背景:值集是术语列表(例如，阿片类药物名称)及其相应的标准临床词汇表(例如，RxNorm)代码，旨在支持卫生信息交换和研究。值集是手动创建的，经常会出现错误。目的:本研究旨在开发一种半自动、以数据为中心的自然语言处理(NLP)方法来评估药物相关值集的正确性，并在一组阿片类药物药物值集上进行评估。方法:我们开发了一种NLP算法，该算法利用包含真阳性和真阴性的值集来学习与真阳性相关的词汇模式，然后使用这些模式来识别未见值集中的潜在错误。我们在一组阿片类药物值集上评估了该算法，使用召回率、精度和f1评分指标。我们应用训练好的模型来评估基于召回的未见阿片类药物价值集的正确性。为了在现实环境中复制该算法的应用，领域专家手动进行了错误分析，以识别潜在的系统和值集错误。结果:从值集权威中心检索到38个值集，其中6个(2个阿片类药物，4个非阿片类药物)用于开发和评估系统。未校正值集的平均精密度、召回率和f1得分分别为0.932、0.904和0.909;同值集人工校正后分别为0.958、0.953、0.953。在20个未见的阿片类药物值集上，该算法的平均召回率为0.89。错误分析表明，系统错误分类的主要来源是阿片类药物在值集中编码方式的差异——虽然训练值集大多具有通用名称，但一些未见过的值集具有新的商品名称和成分。结论:所建议的方法是以数据为中心的、可重用的、可定制的，而且资源不密集。它可以帮助领域专家轻松地验证值集。

本文章由计算机程序翻译，如有差异，请以英文原文为准。

A Data-Driven Iterative Approach for Semi-automatically Assessing the Correctness of Medication Value Sets: A Proof of Concept Based on Opioids.

查看原文本刊更多论文

A Data-Driven Iterative Approach for Semi-automatically Assessing the Correctness of Medication Value Sets: A Proof of Concept Based on Opioids.

Background: Value sets are lists of terms (e.g., opioid medication names) and their corresponding codes from standard clinical vocabularies (e.g., RxNorm) created with the intent of supporting health information exchange and research. Value sets are manually-created and often exhibit errors.

Objectives: The aim of the study is to develop a semi-automatic, data-centric natural language processing (NLP) method to assess medication-related value set correctness and evaluate it on a set of opioid medication value sets.
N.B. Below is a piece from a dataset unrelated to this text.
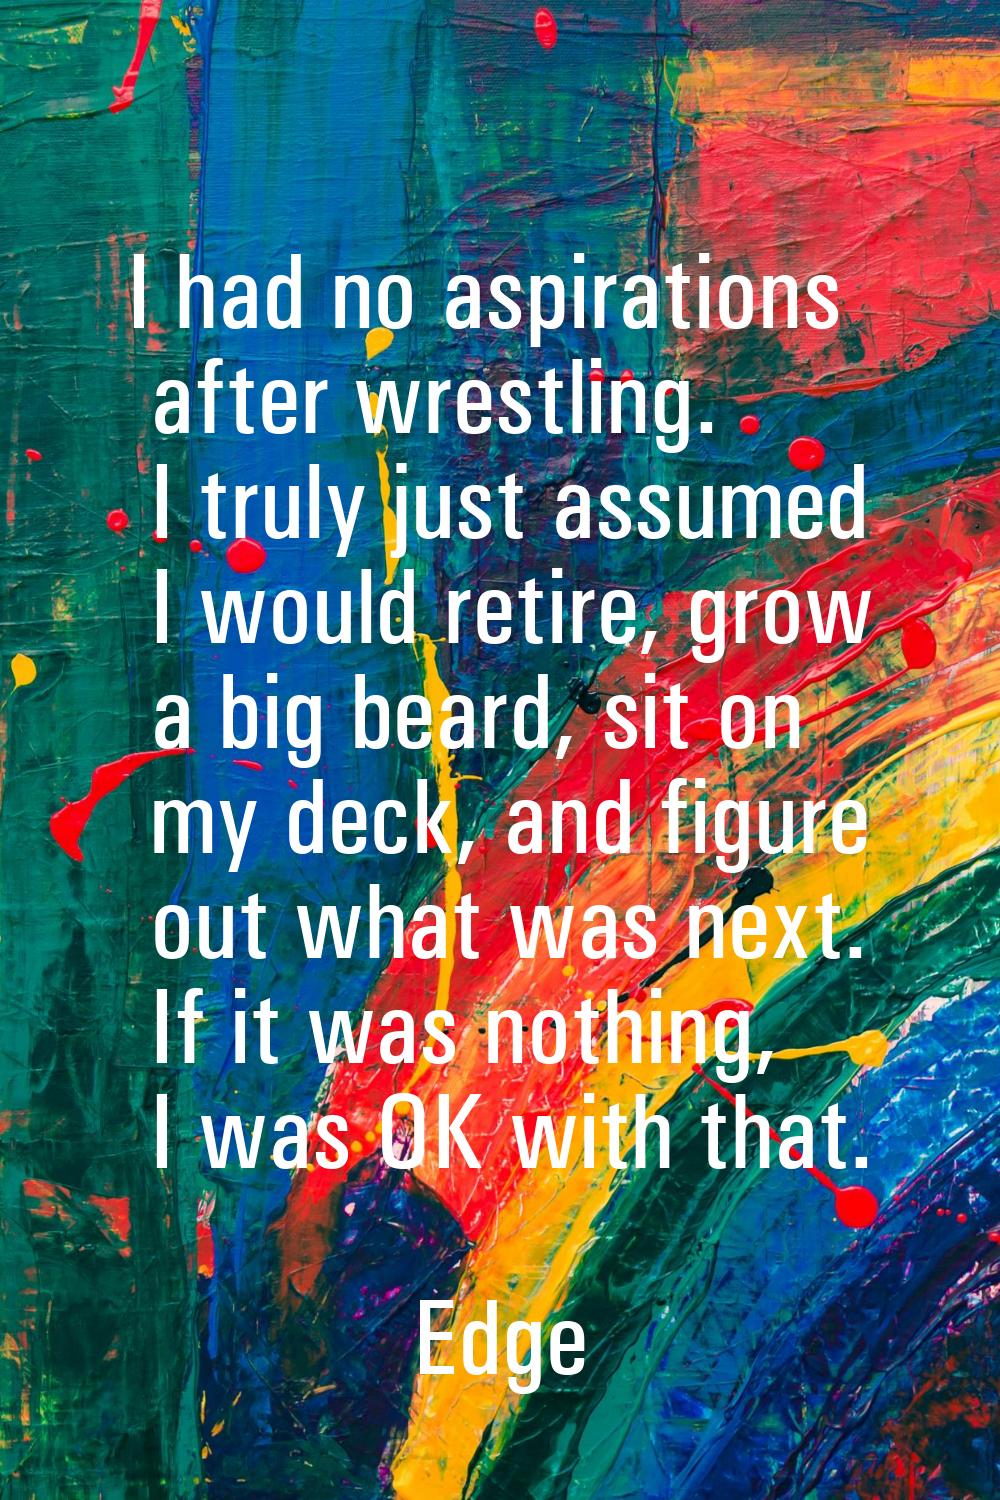 I had no aspirations after wrestling. I truly just assumed I would retire, grow a big beard, sit on
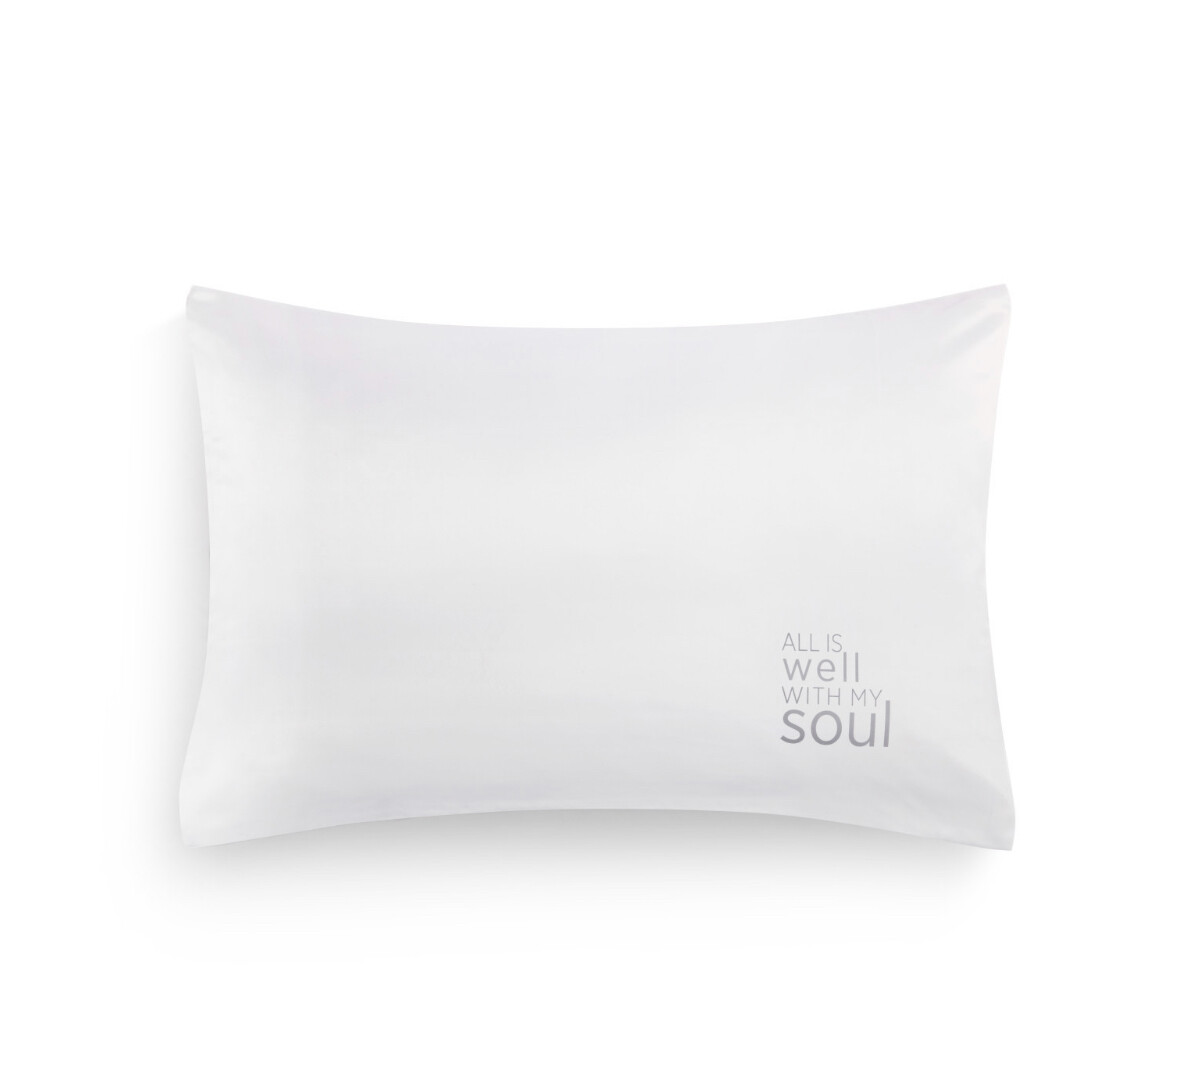 Satin Pillowcase All is Well With My Soul+

Methods: We developed an NLP algorithm that utilizes value sets containing mostly true positives and true negatives to learn lexical patterns associated with the true positives, and then employs these patterns to identify potential errors in unseen value sets. We evaluated the algorithm on a set of opioid medication value sets, using the recall, precision and F₁-score metrics. We applied the trained model to assess the correctness of unseen opioid value sets based on recall. To replicate the application of the algorithm in real-world settings, a domain expert manually conducted error analysis to identify potential system and value set errors.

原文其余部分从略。